Data section START
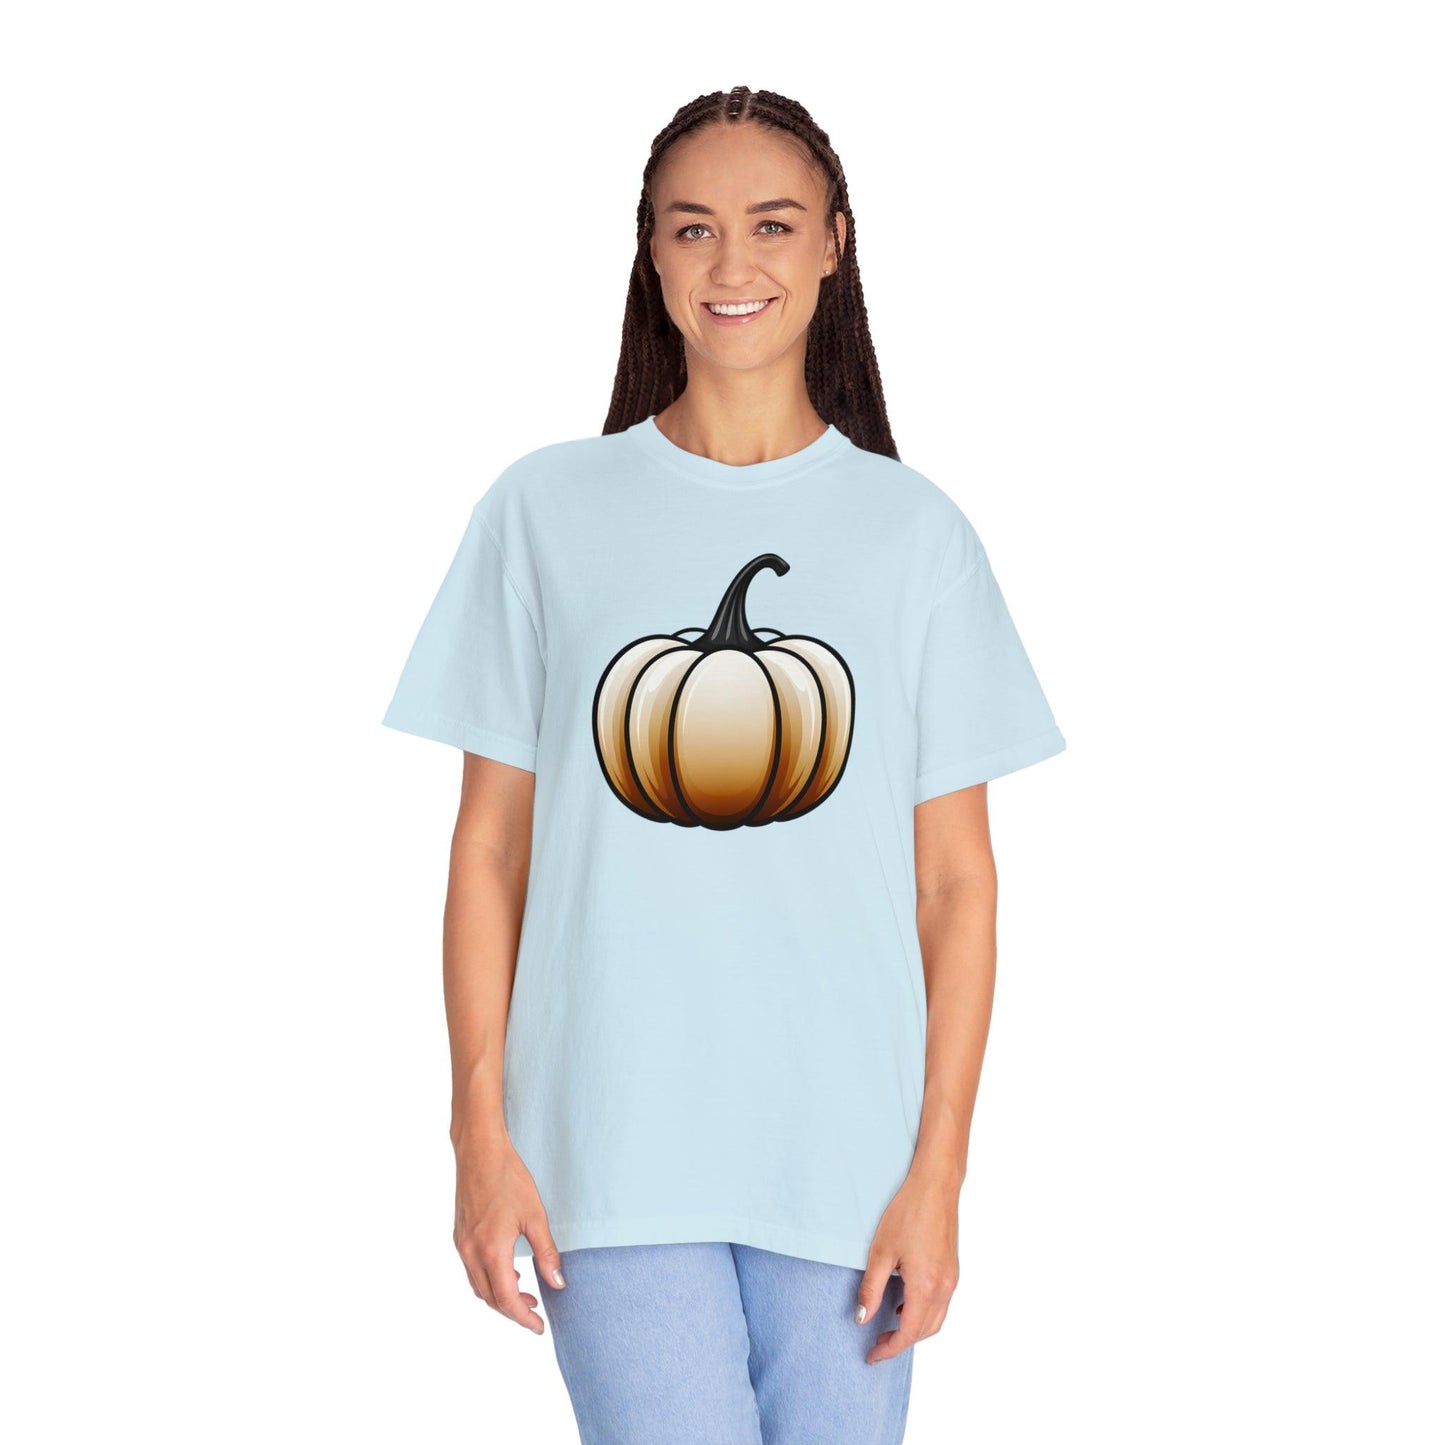 Pumpkin Shirt Halloween Shirt Fall Gift Halloween Costume Pumpkin T Shirt - Cute Pumpkin Tee Fall Shirt Halloween Gift Pumpkin Lover Shirt
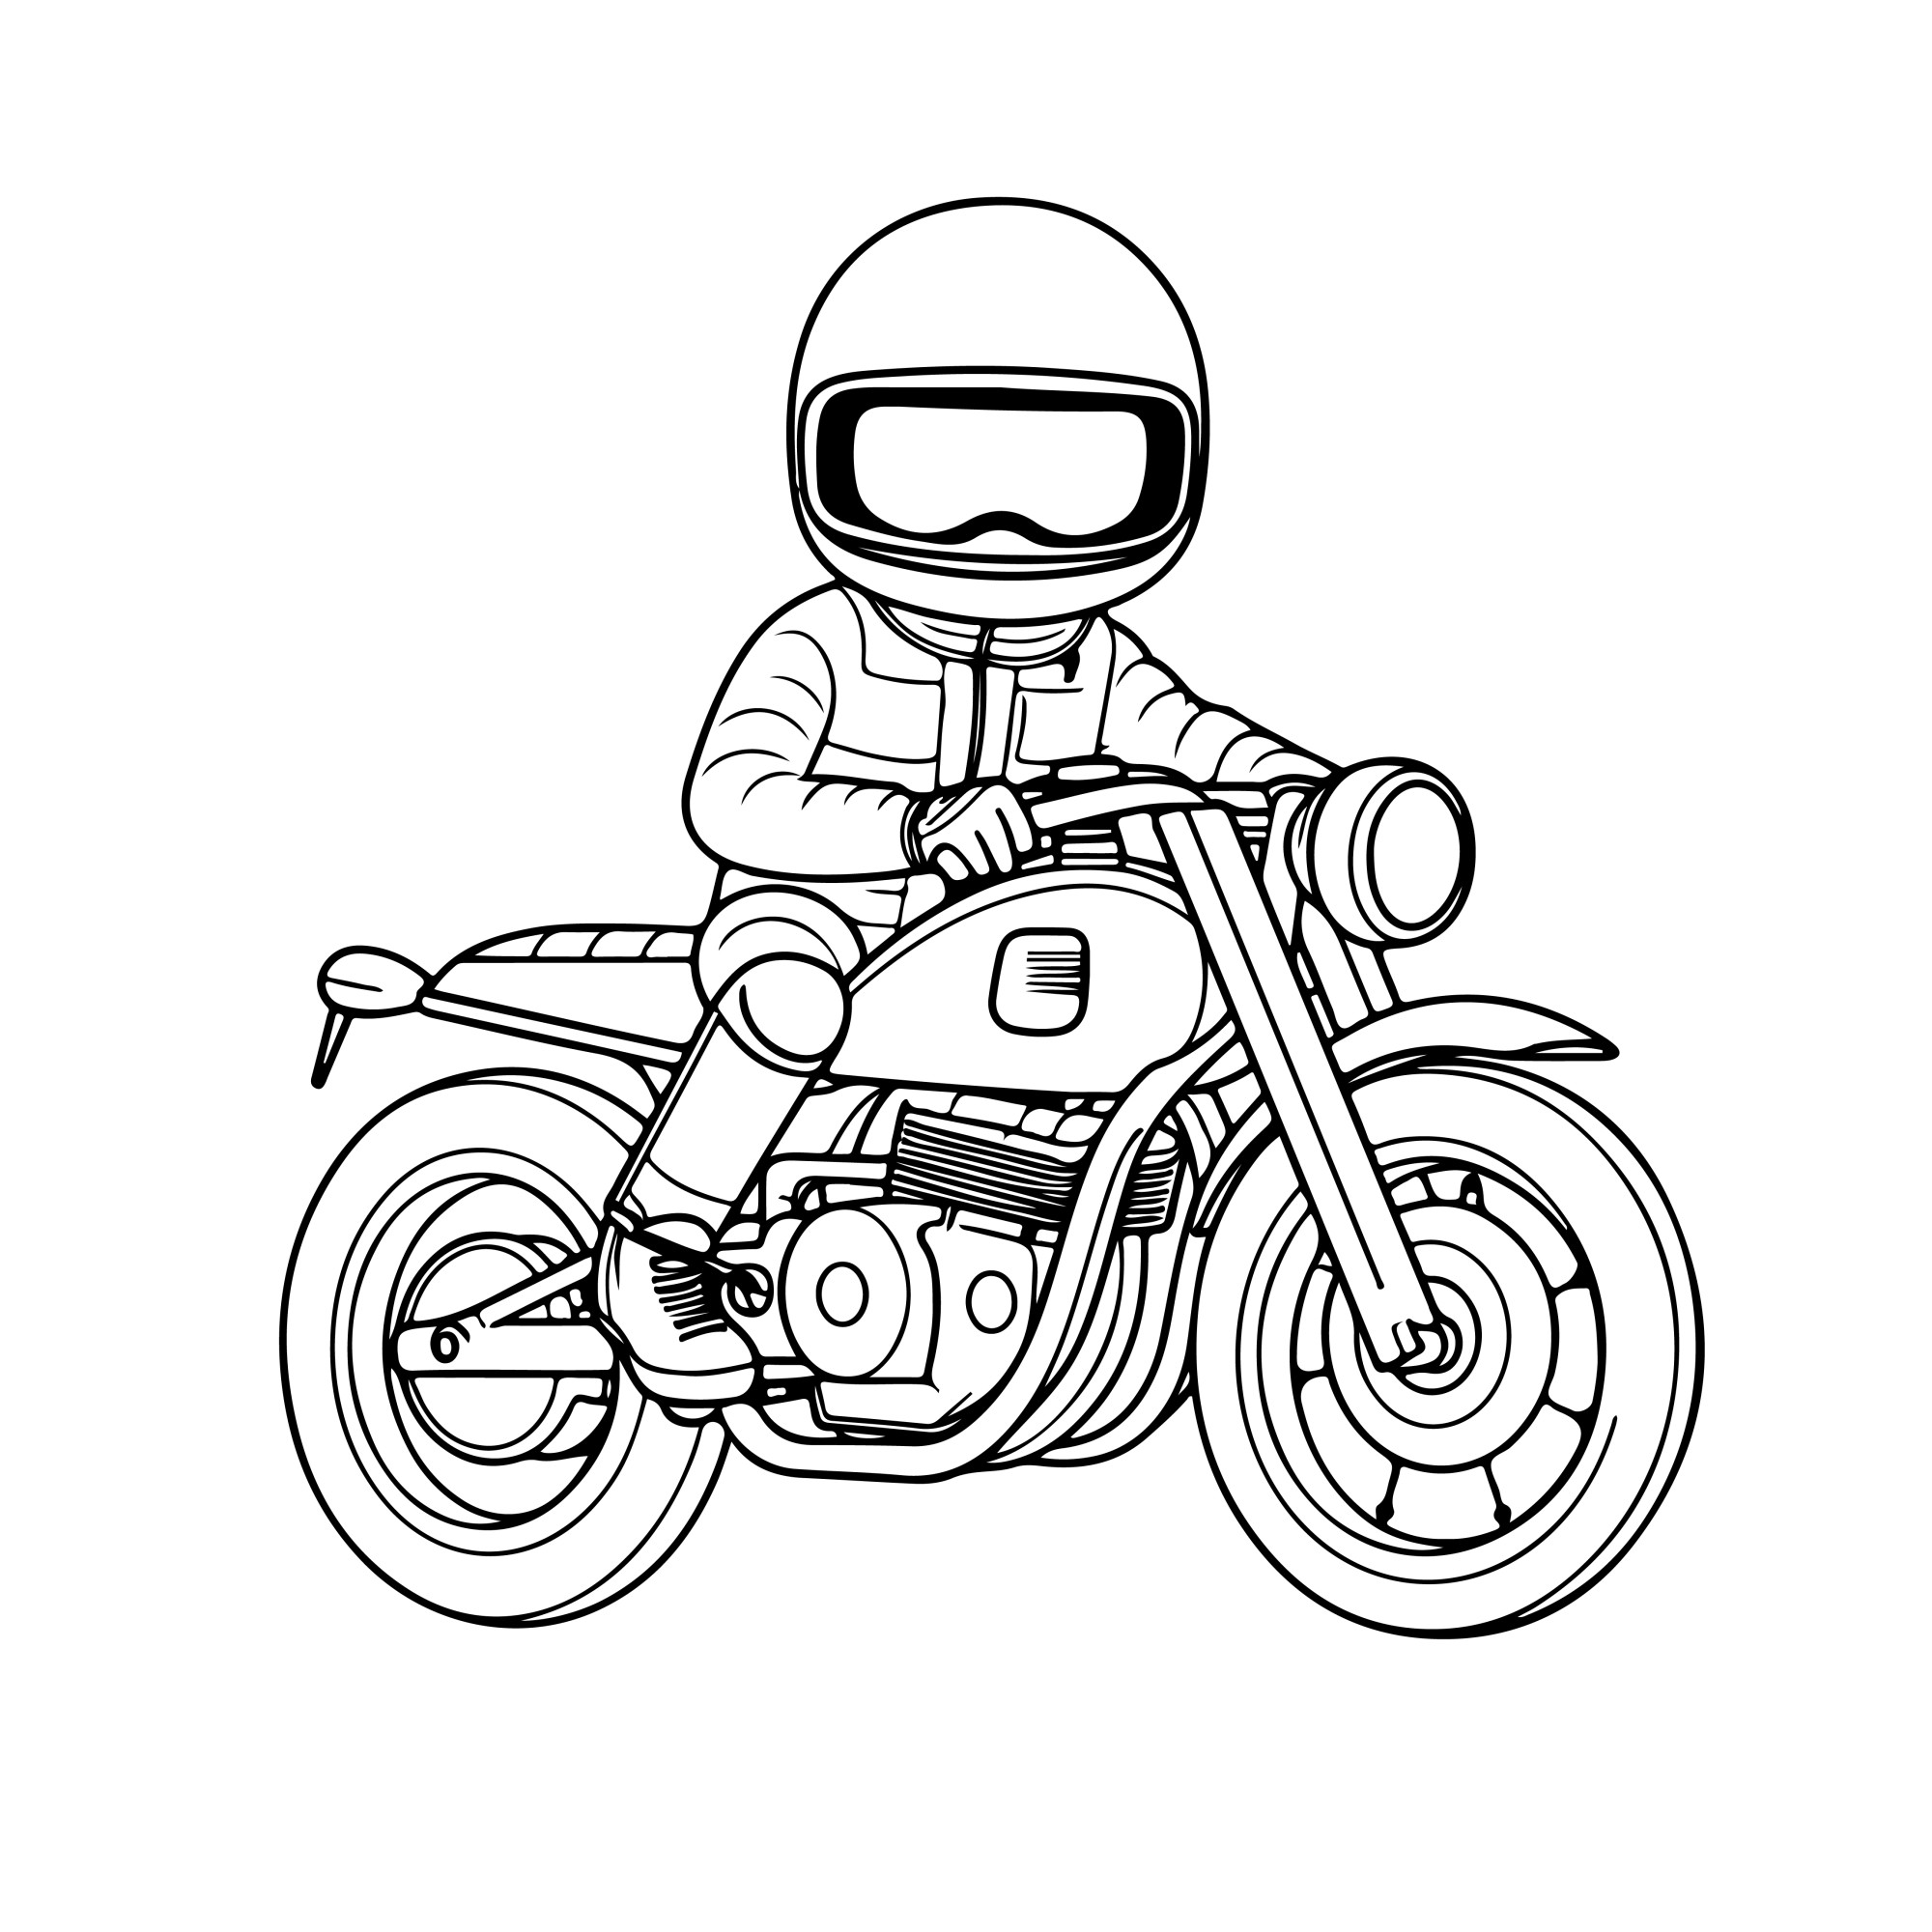 Раскраска для детей: мотоциклист в шлеме «Космический гонщик»
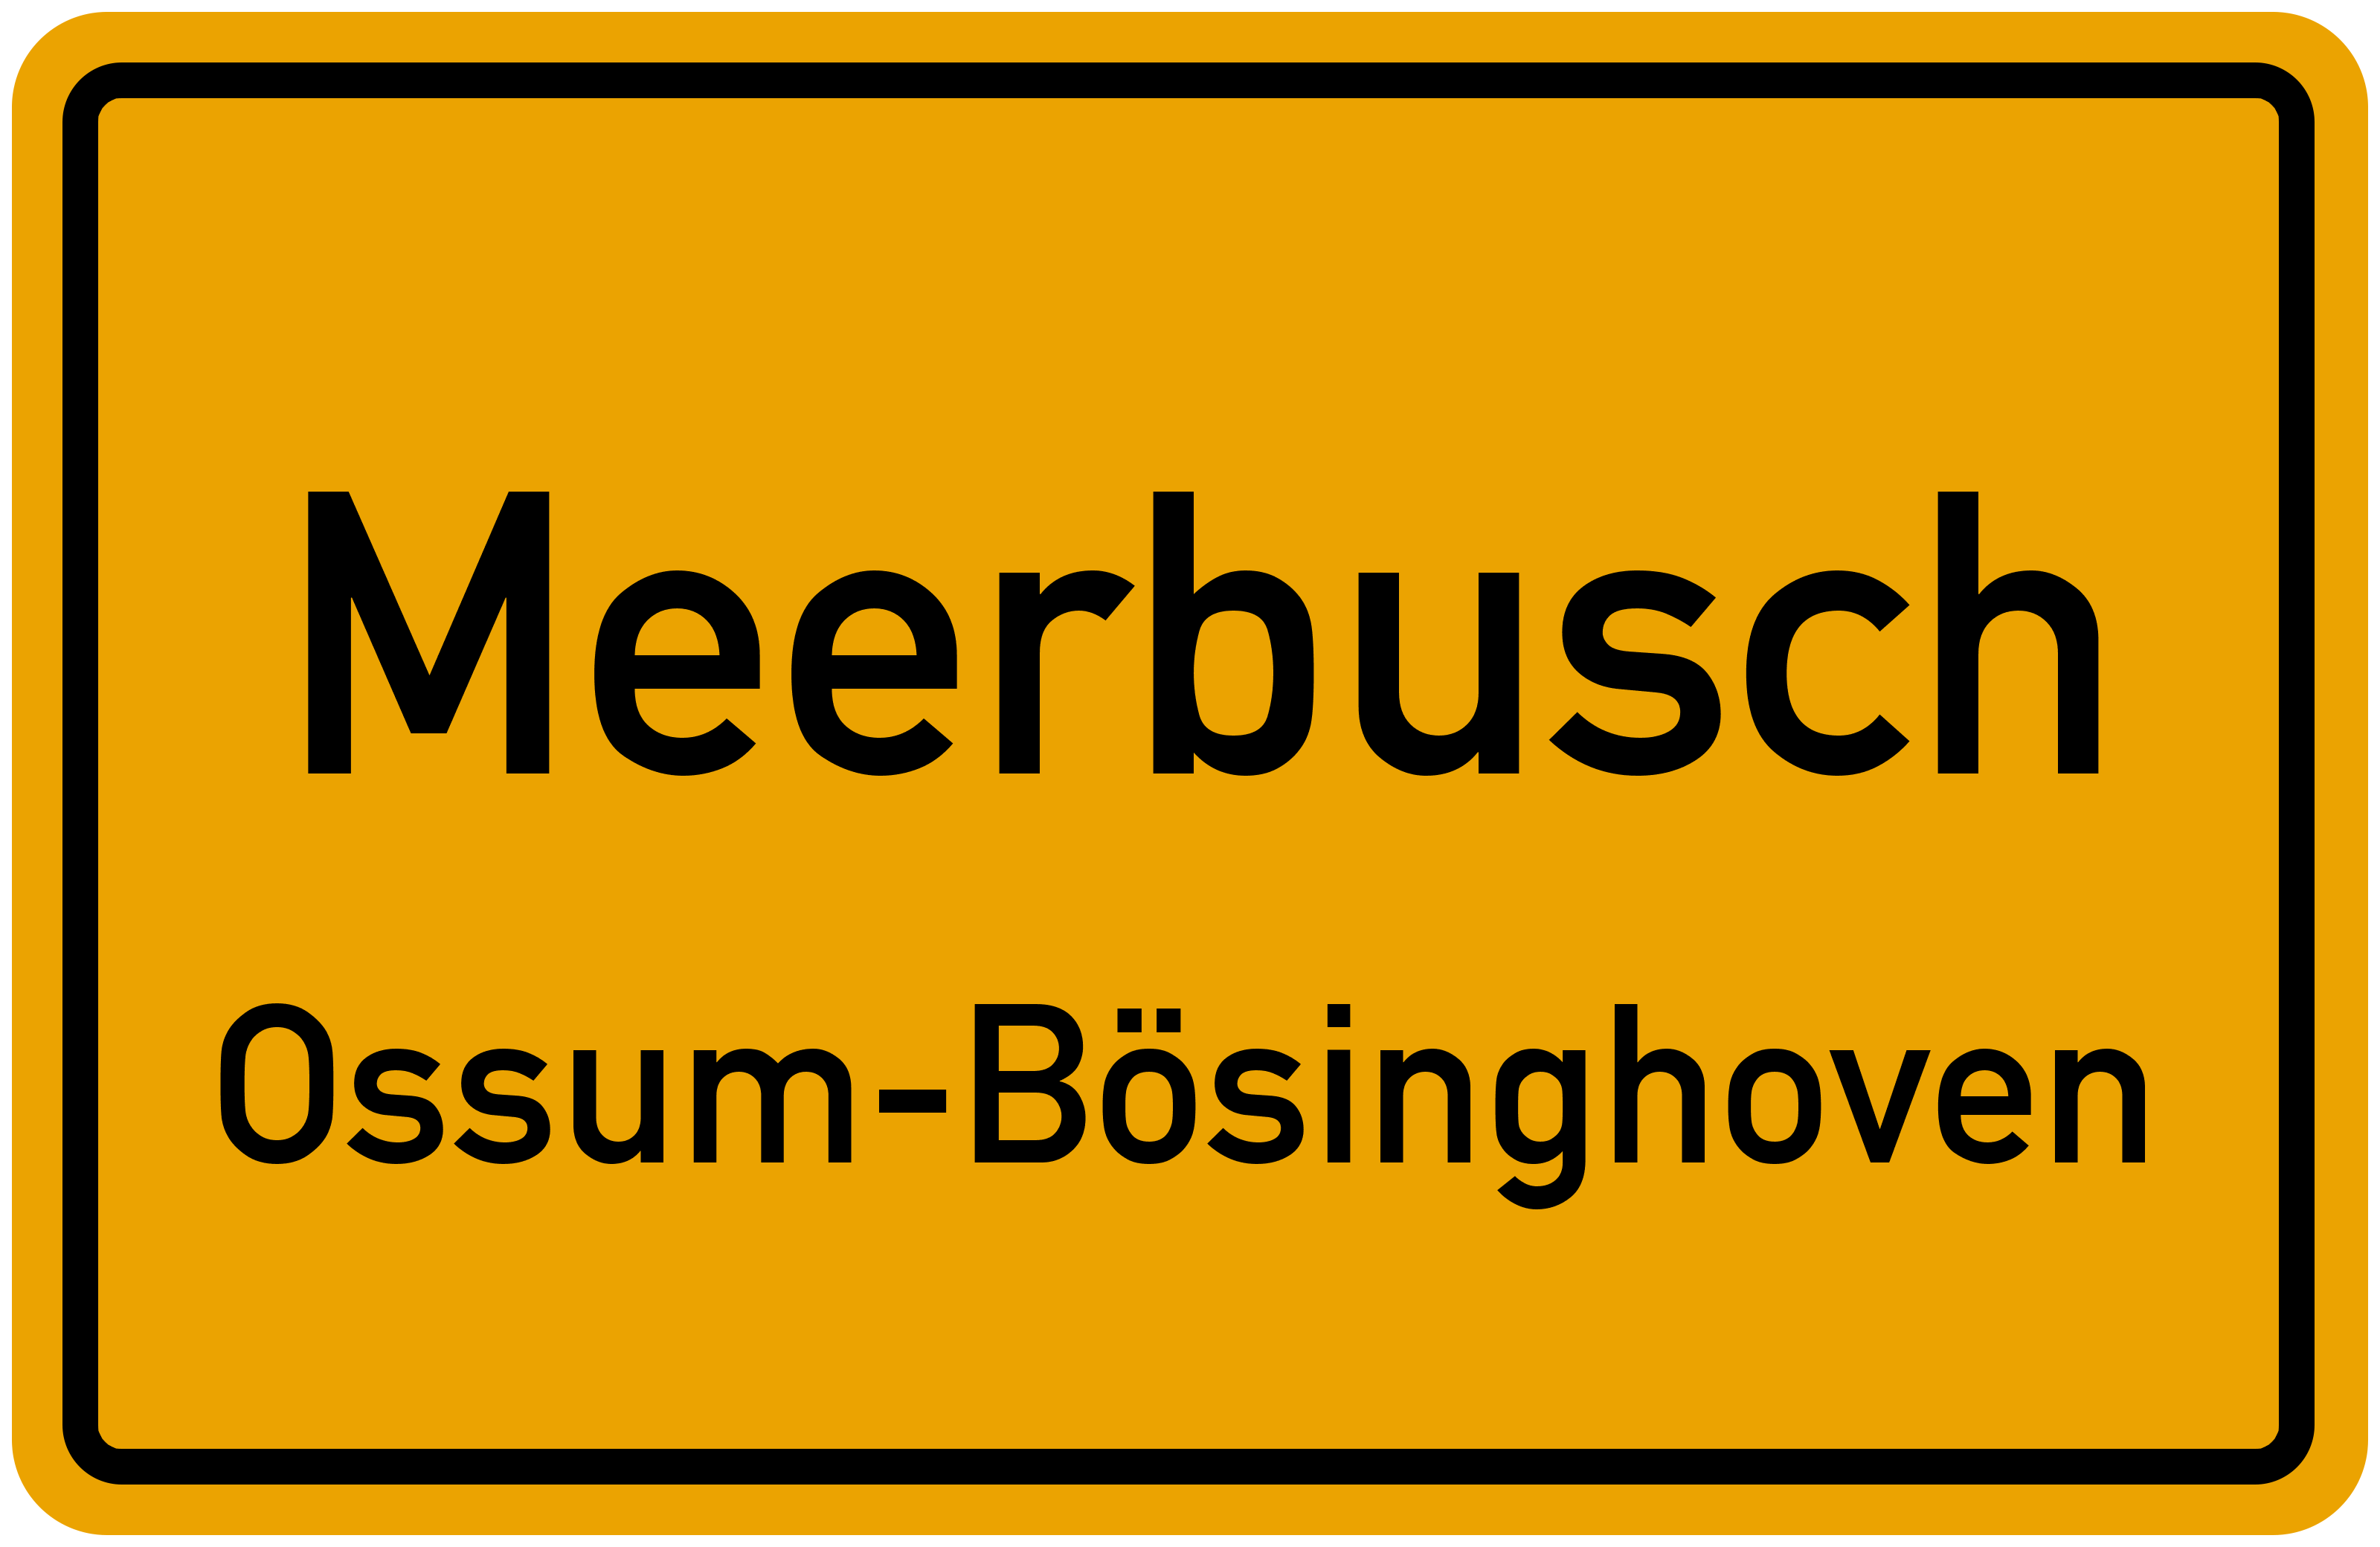 Ortsschild Meerbusch-Ossum-Bösinghoven kostenlos: Download & Drucken
Data section END
▶ Work task
Output only the lines from the line that contains "Раскраска для детей: мотоциклист" through the end of the material, both ends included, and skip every picture.

▶ Result for this exercise
 Раскраска для детей: мотоциклист в шлеме «Космический гонщик»
 Ortsschild Meerbusch-Ossum-Bösinghoven kostenlos: Download & Drucken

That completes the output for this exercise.